● **WORK TASK**
In the listing below, how many lines hold "Talimena"? Give the number only.
*** EXCERPTED DATA ***
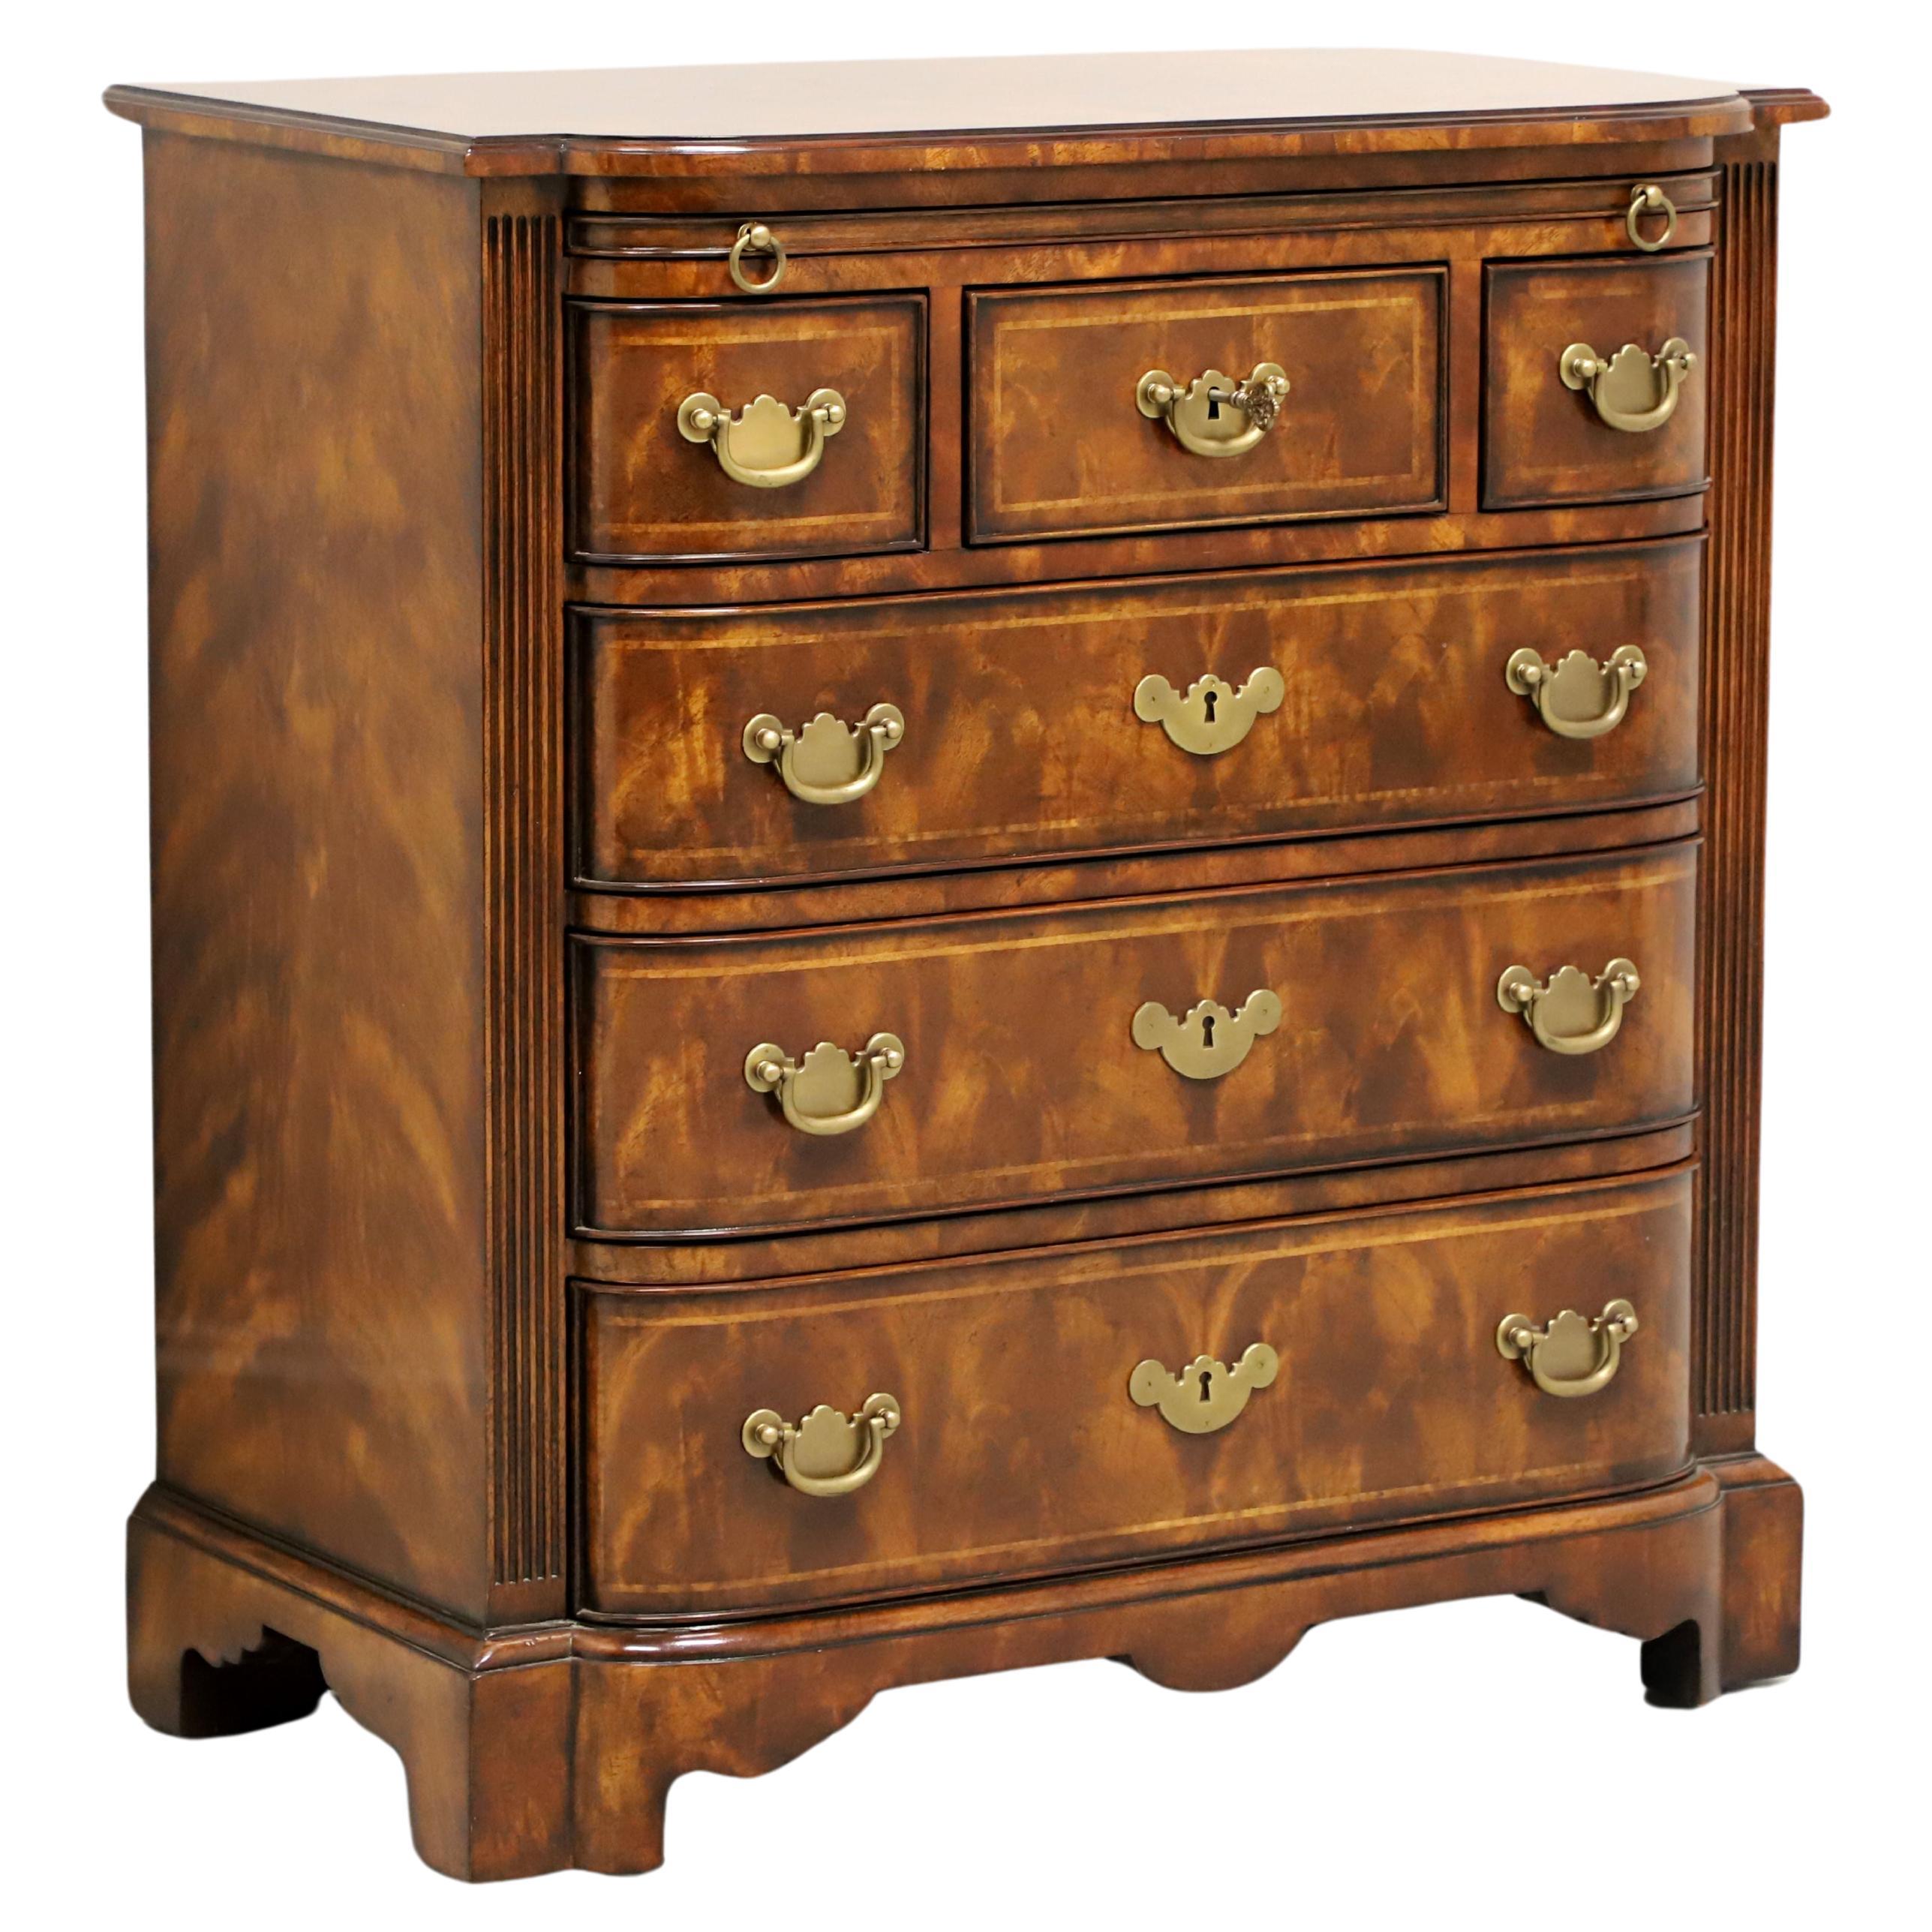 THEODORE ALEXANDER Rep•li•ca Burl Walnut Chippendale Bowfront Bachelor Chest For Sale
*** End of EXCERPTED DATA ***
*** EXCERPTED DATA ***
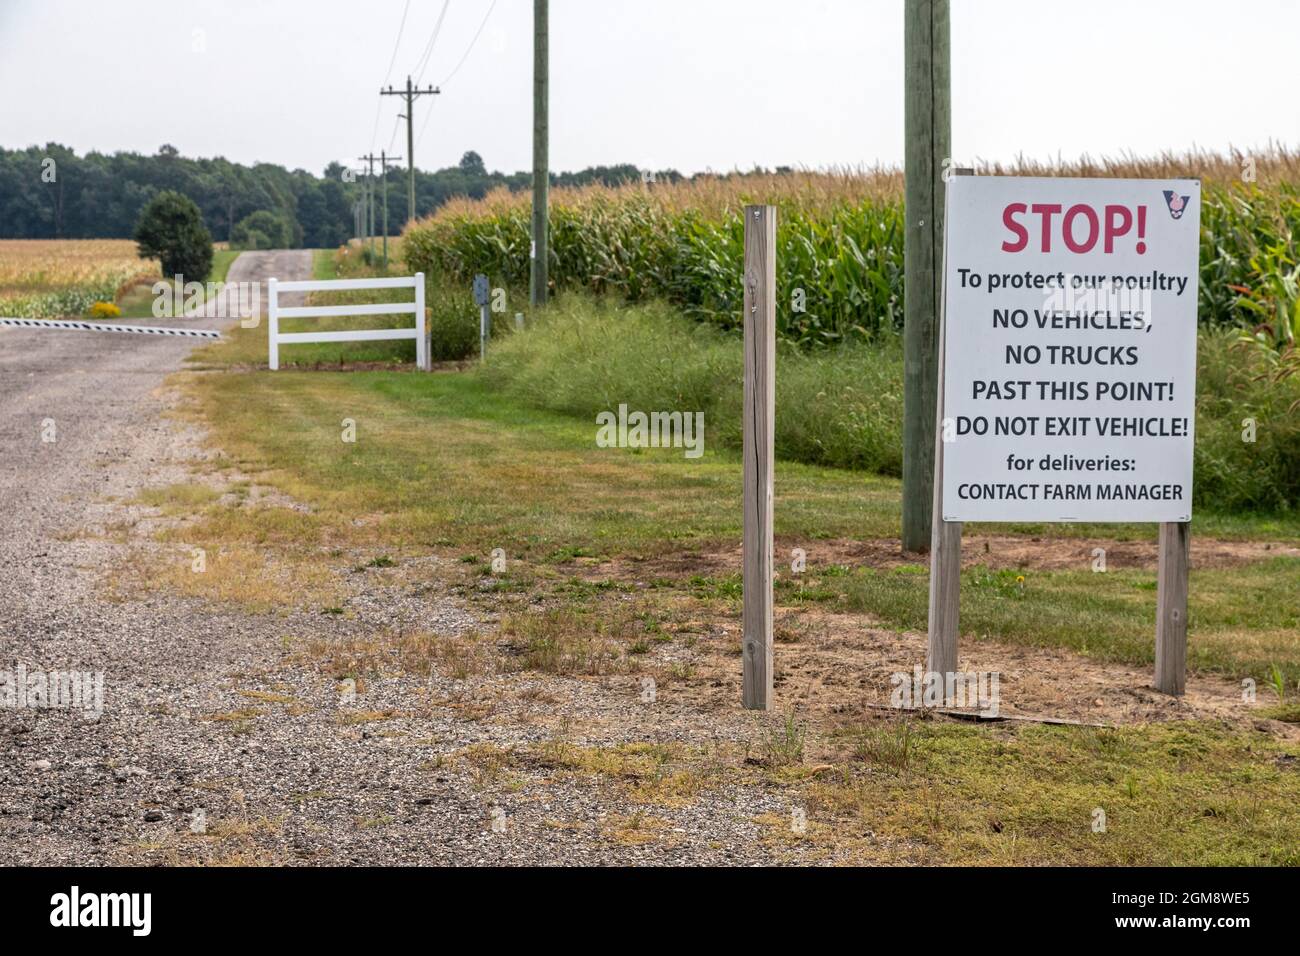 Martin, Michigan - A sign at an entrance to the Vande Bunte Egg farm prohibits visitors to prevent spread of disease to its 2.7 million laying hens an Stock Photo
*** End of EXCERPTED DATA ***
*** EXCERPTED DATA ***
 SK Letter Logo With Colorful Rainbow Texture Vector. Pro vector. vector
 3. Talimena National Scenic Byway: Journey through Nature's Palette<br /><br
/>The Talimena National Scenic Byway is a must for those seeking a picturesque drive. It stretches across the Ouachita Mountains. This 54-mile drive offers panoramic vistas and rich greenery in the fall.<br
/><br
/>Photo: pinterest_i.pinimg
*** End of EXCERPTED DATA ***
● **EXERCISE SOLUTION**
2